• _ASSIGNMENT_
Return the listing in full and exactly, but without a single picture.

• _AVAILABLE DATA_
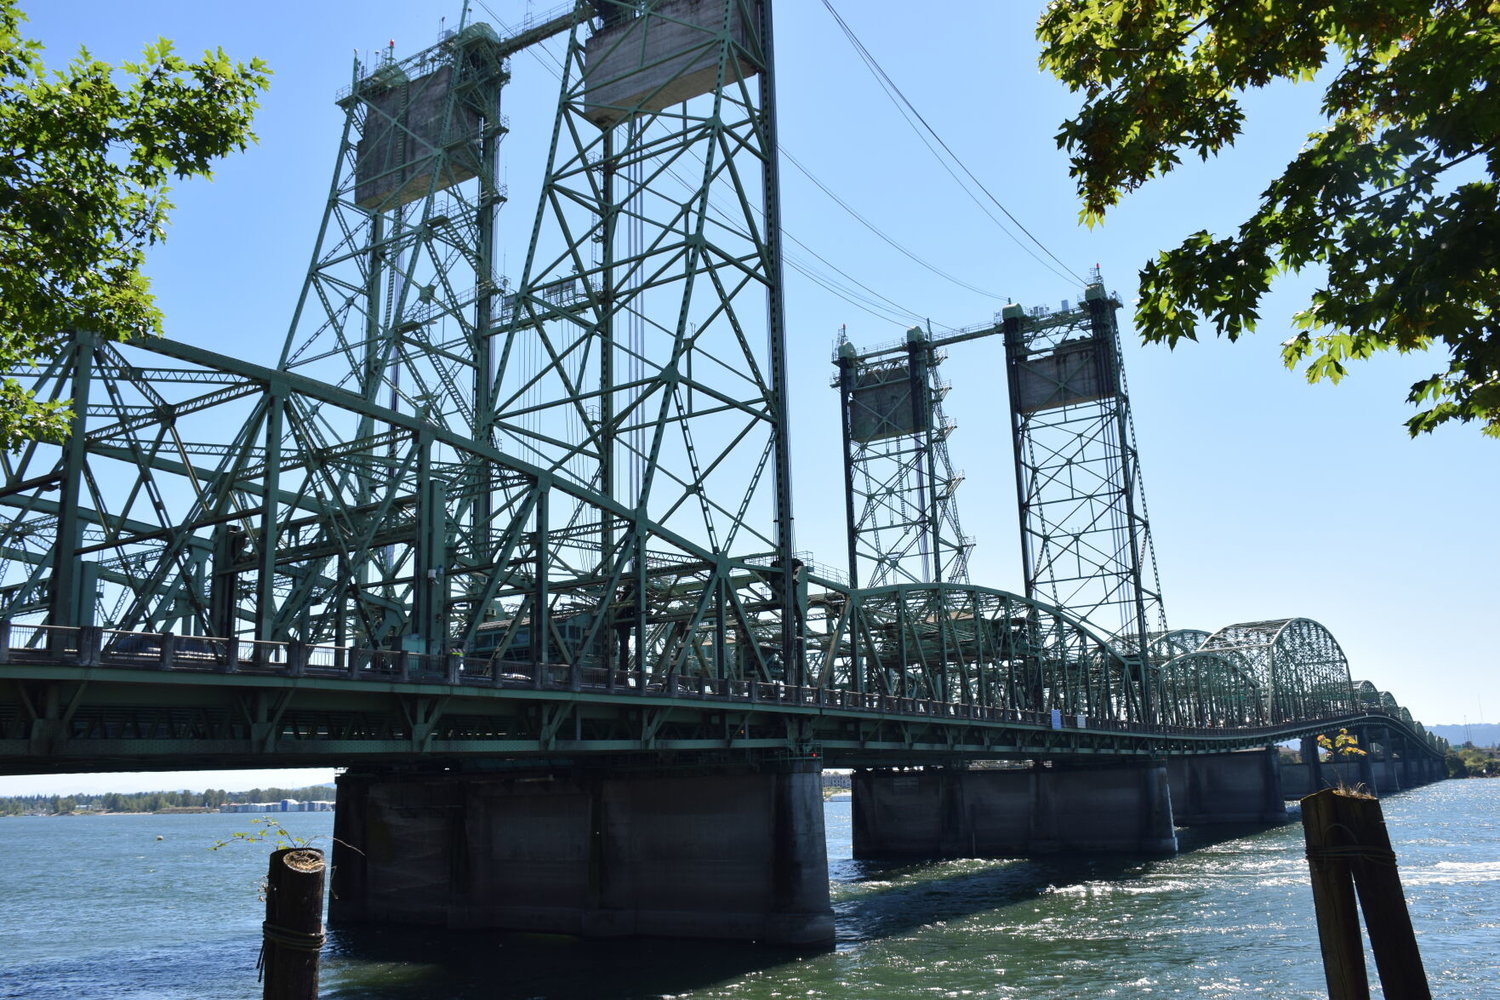 The Interstate 5 bridge is pictured.
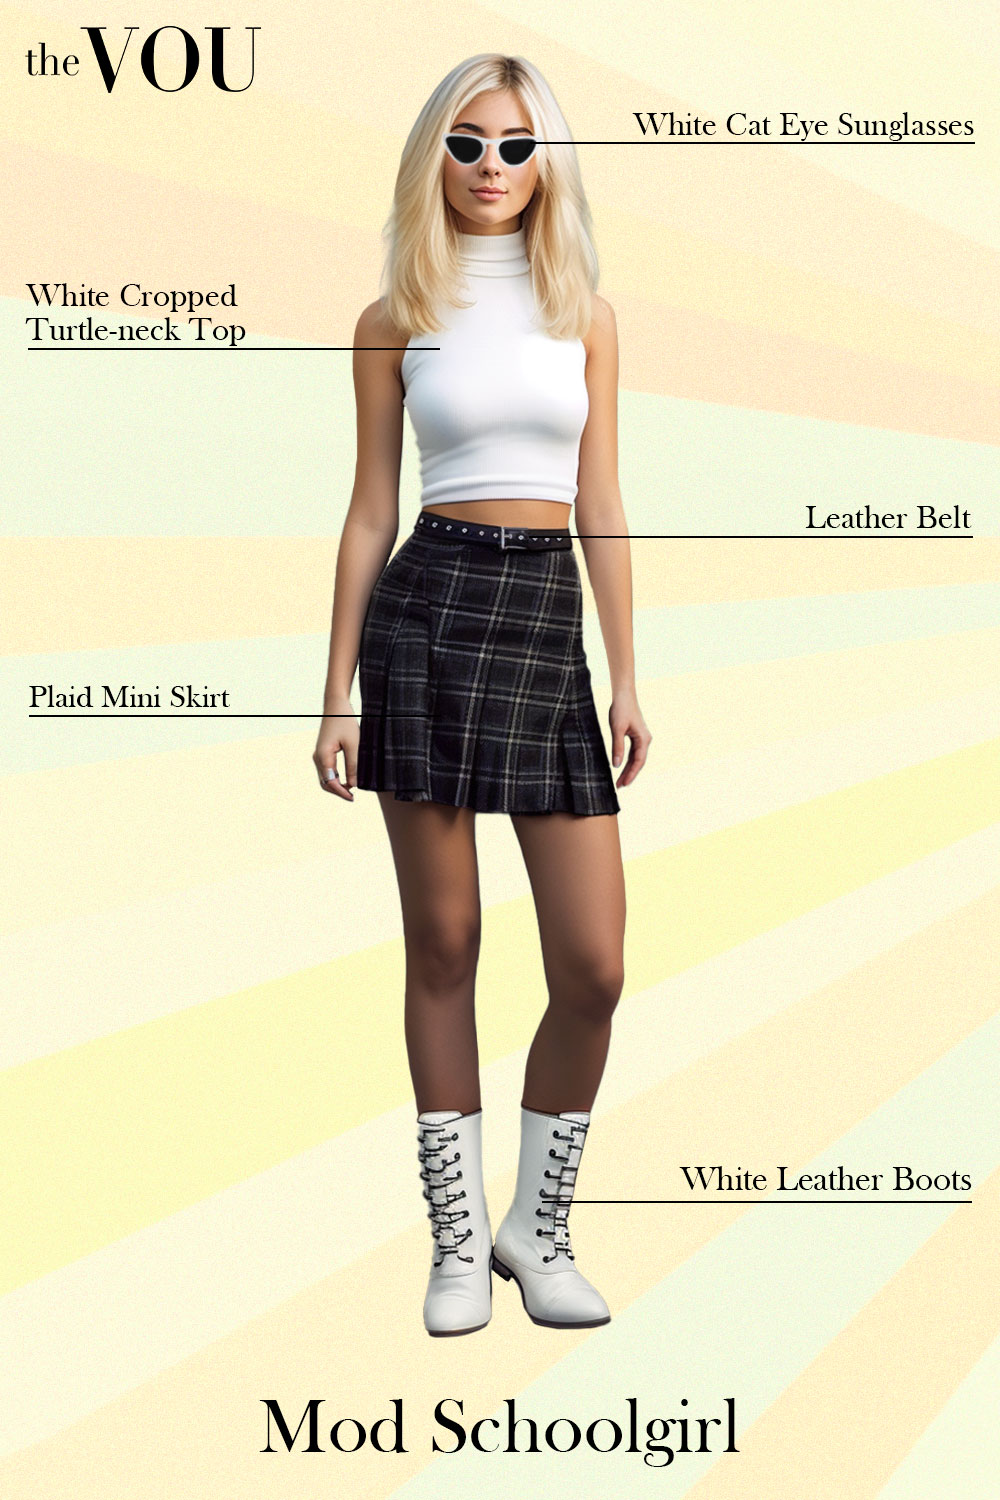 Mod style schoolgirl outfit
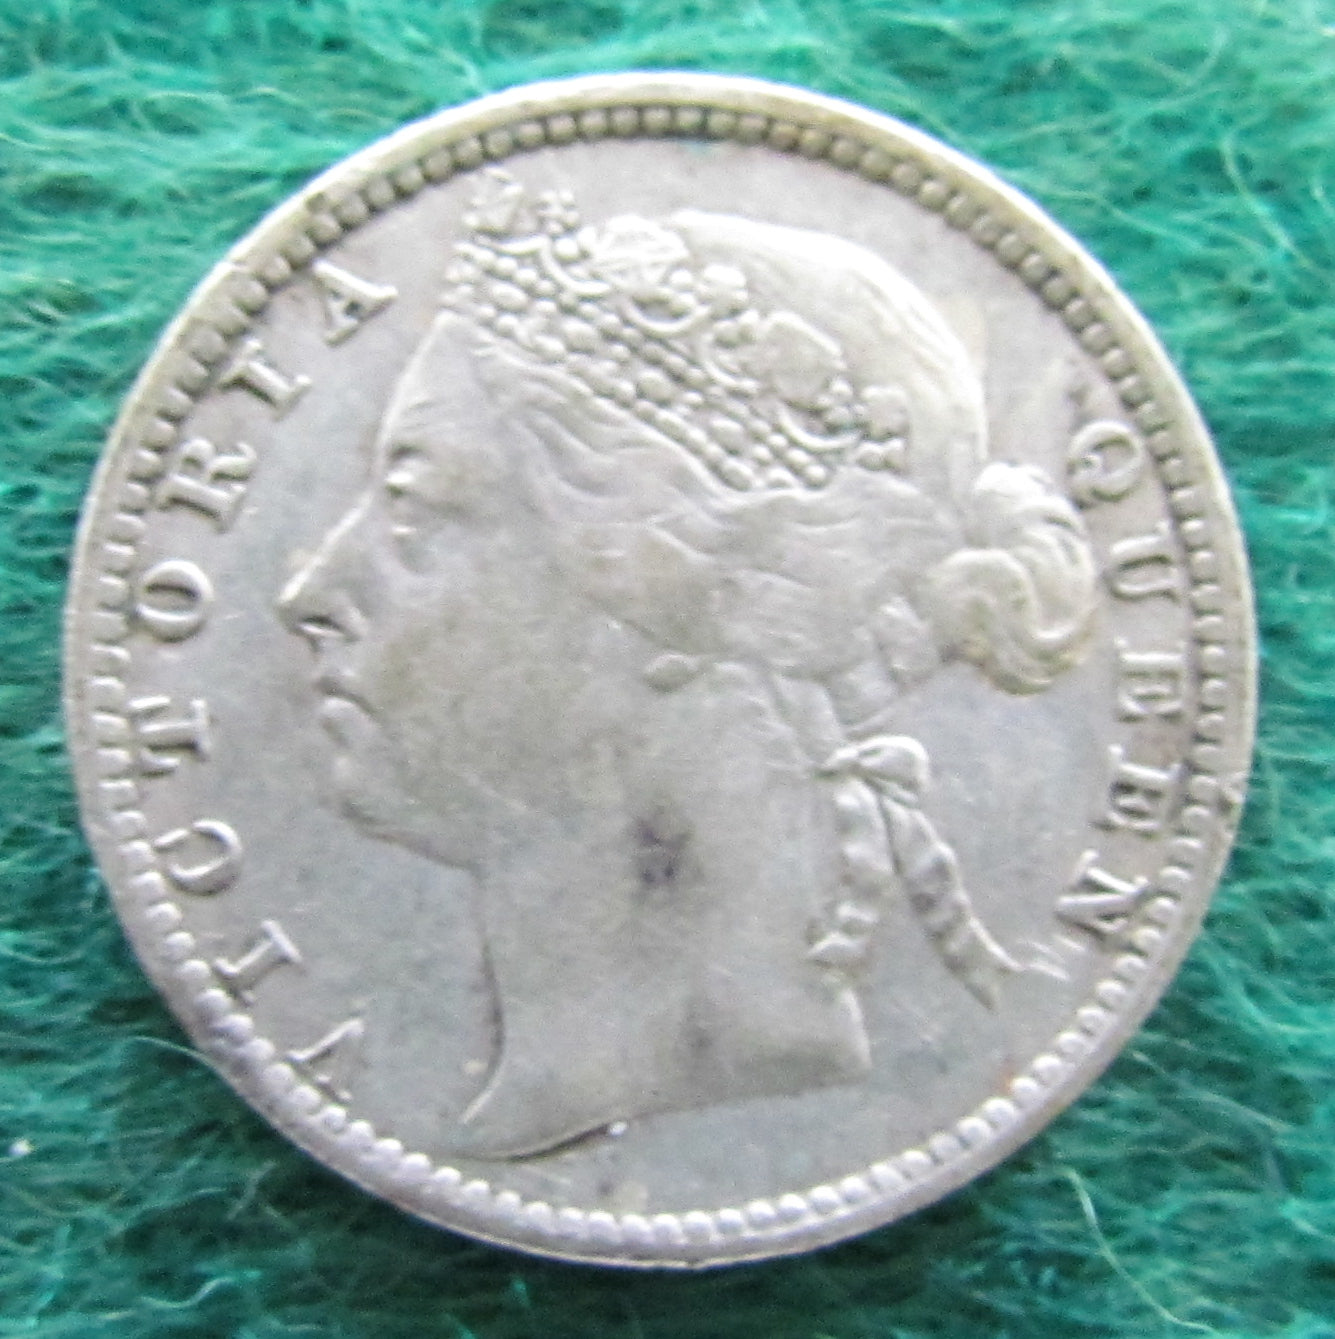 Straits Settlements 1898 10 Cent Queen Victoria Coin - Circulated
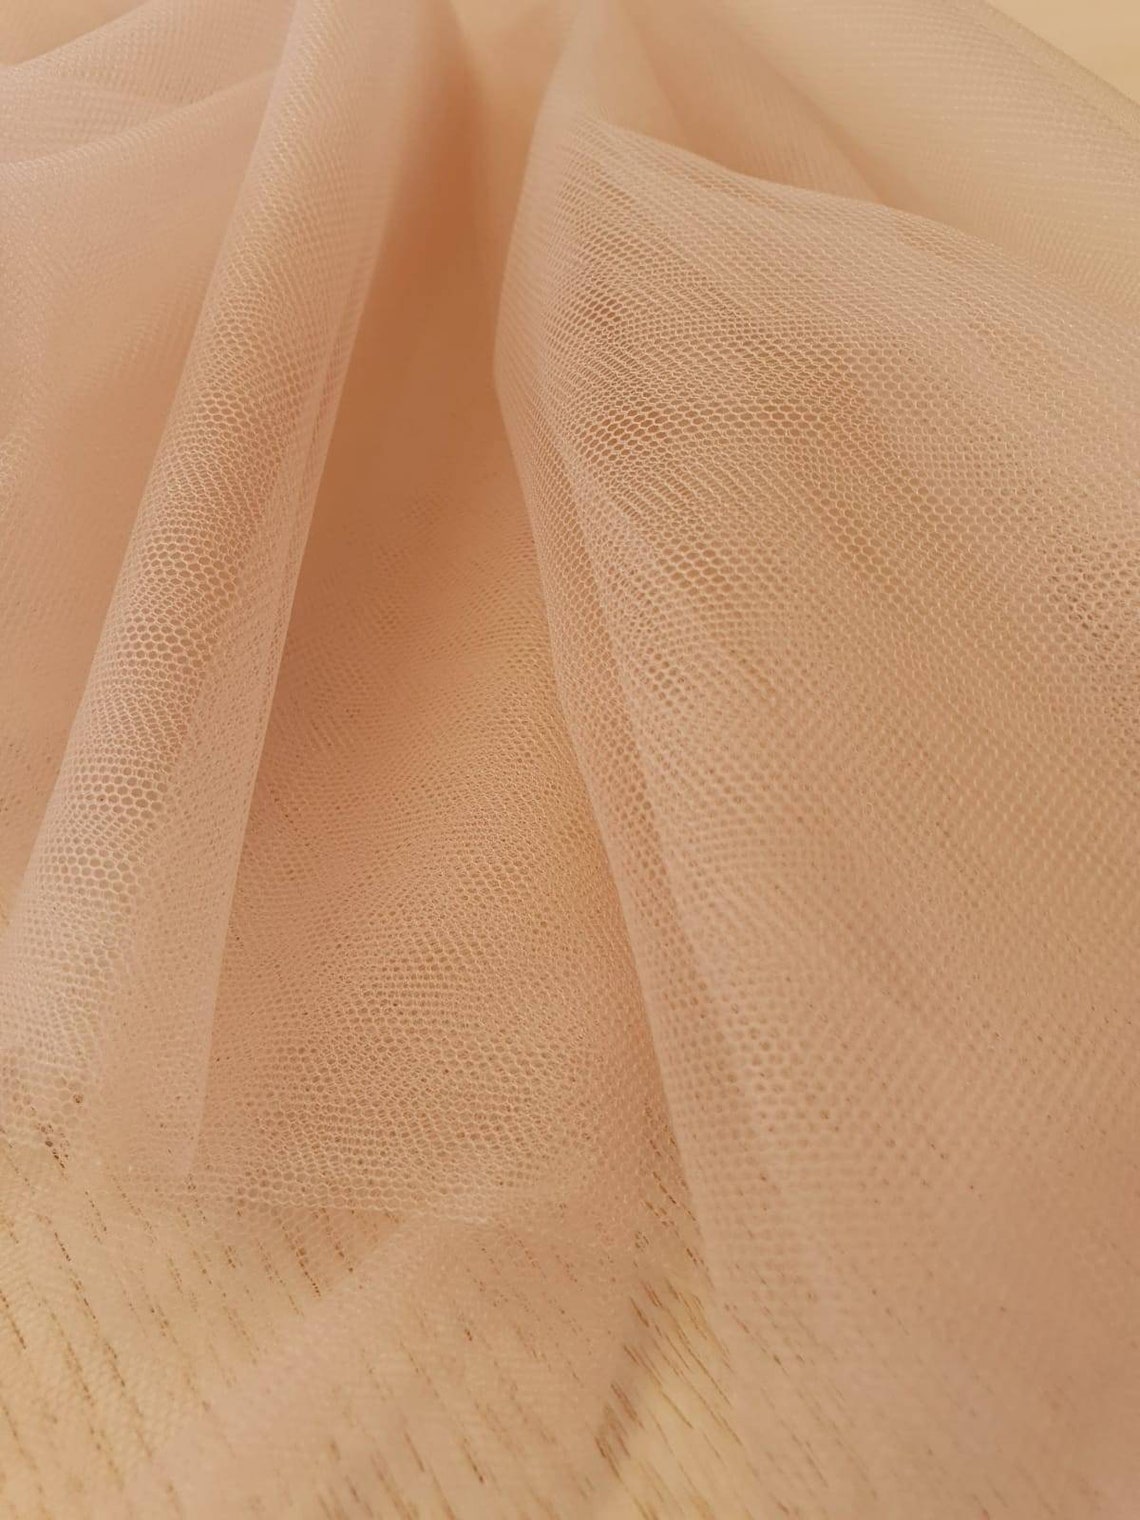 Nude Tulle Fabric Lingerie Nude Net Nude Color Fabric Etsy My Xxx Hot

• _RESPONSE TO THE TASK_
 The Interstate 5 bridge is pictured.
 Mod style schoolgirl outfit
 Straits Settlements 1898 10 Cent Queen Victoria Coin - Circulated
 Nude Tulle Fabric Lingerie Nude Net Nude Color Fabric Etsy My Xxx Hot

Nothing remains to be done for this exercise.